Janelle Monáe: Man, two amazing actors and human beings off screen as well. I had time to sit and talk to them. I think Robert Zemeckis is such a genius in many ways. He’s a true artist, the way he lights up when he’s reading a script. We did a whole table read and he read the entire script and walked through every single note on that paper in that script and his face just lights up when he’s speaking about art and I will say that this is one of the most innovative and original films I’ve ever seen. I can’t really compare it to anything. And I think he knew that and he wasn’t interested in trying to water down someone’s true story. That’s what I love most.
And Steve Carell is a special warm human being. One of my favorite actors of all time and I think people will be very surprised he’s in this role. I think he was the right person for it because it’s such a heavy, dramatic experience and Steve’s lightheartedness added some lightness to the difficult nature of what happened.
At the end of the movie, obviously do they let you keep your action figure?
Janelle Monáe: No. You know, I hope that I can keep the action figures. All of the women, we’re like we want our action figures. They’re one of one.
What goes into saying yes to the projects you’re taking?
Janelle Monáe: Well, one is it special? You know, is it remarkable, is it pushing culture forward? What new thing is it bringing the art community. Will be peoples’ lives be more enriched after they watched it or listened to it. Is it in line with my core values.

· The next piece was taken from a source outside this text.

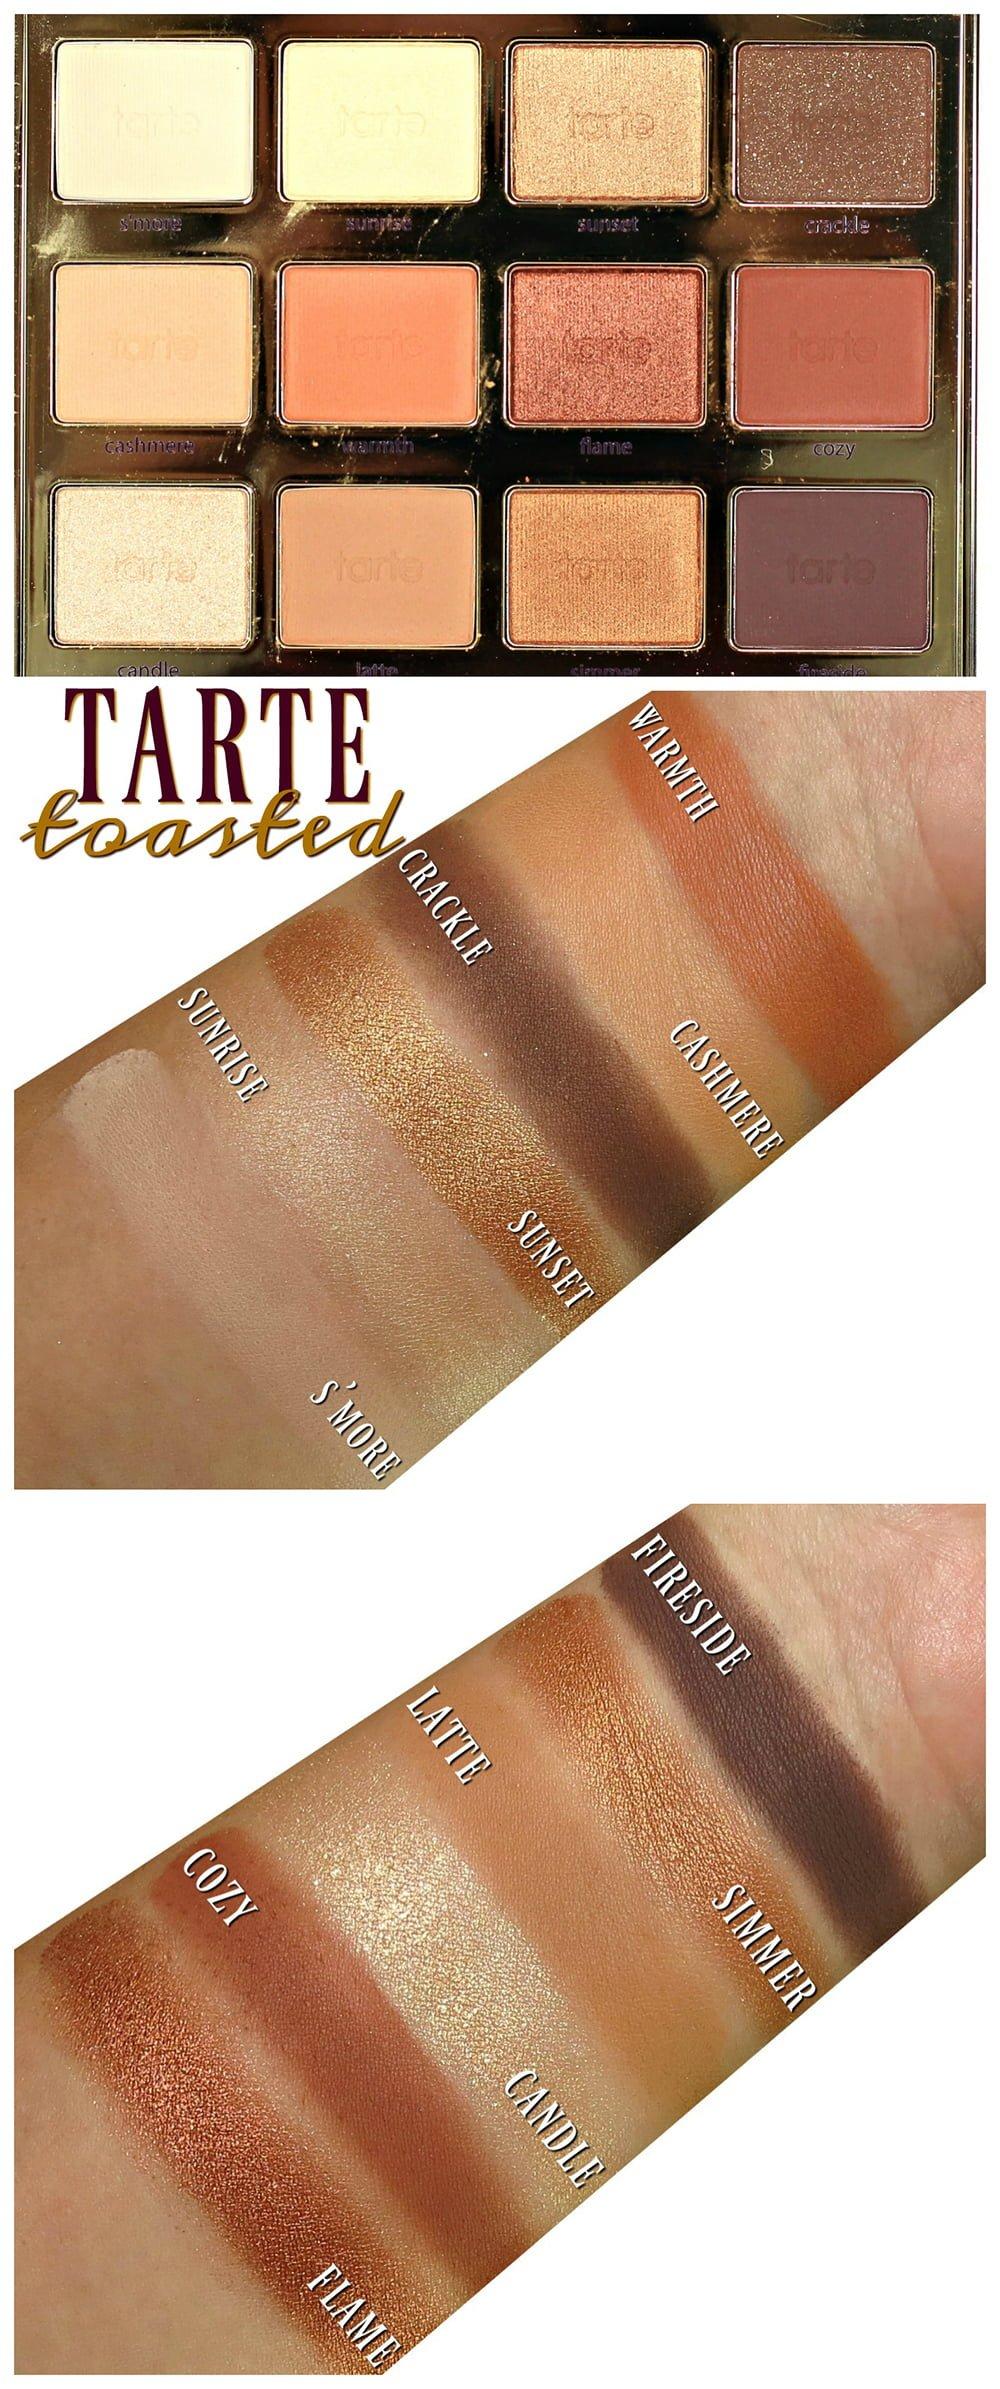 Tartelette Amazonian Clay Matte Palette by Tarte #15

How is it helping elevate artists and black women and black folks and marginalized voices. You know I ask myself a lot of questions but I’m always looking for something special though. Does it have that thing that will, a year from now looking back, make me say I’m so proud that I was a part of that, that makes me so proud of that album that we did.
Congrats on the Grammy nomination. It’s a collaborative effort when an album gets nominated. Can you talk about that feel of having your work recognized?
Janelle Monáe: It’s an honor to be nominated, to have my work nominated in the Album of the Year category and also be nominated for a a short film or a visual album, so that’s just incredible. I’m so proud of the team and the women that I work with in Wonderland, my creative home for coming together and just, for believing in me and my story even sometimes I didn’t believe in myself. I think this nomination means a lot to me because not only was it about me, but it was about a community of marginalized voices. 30 computers. I hope you sustain the love and to heard and to celebrate it.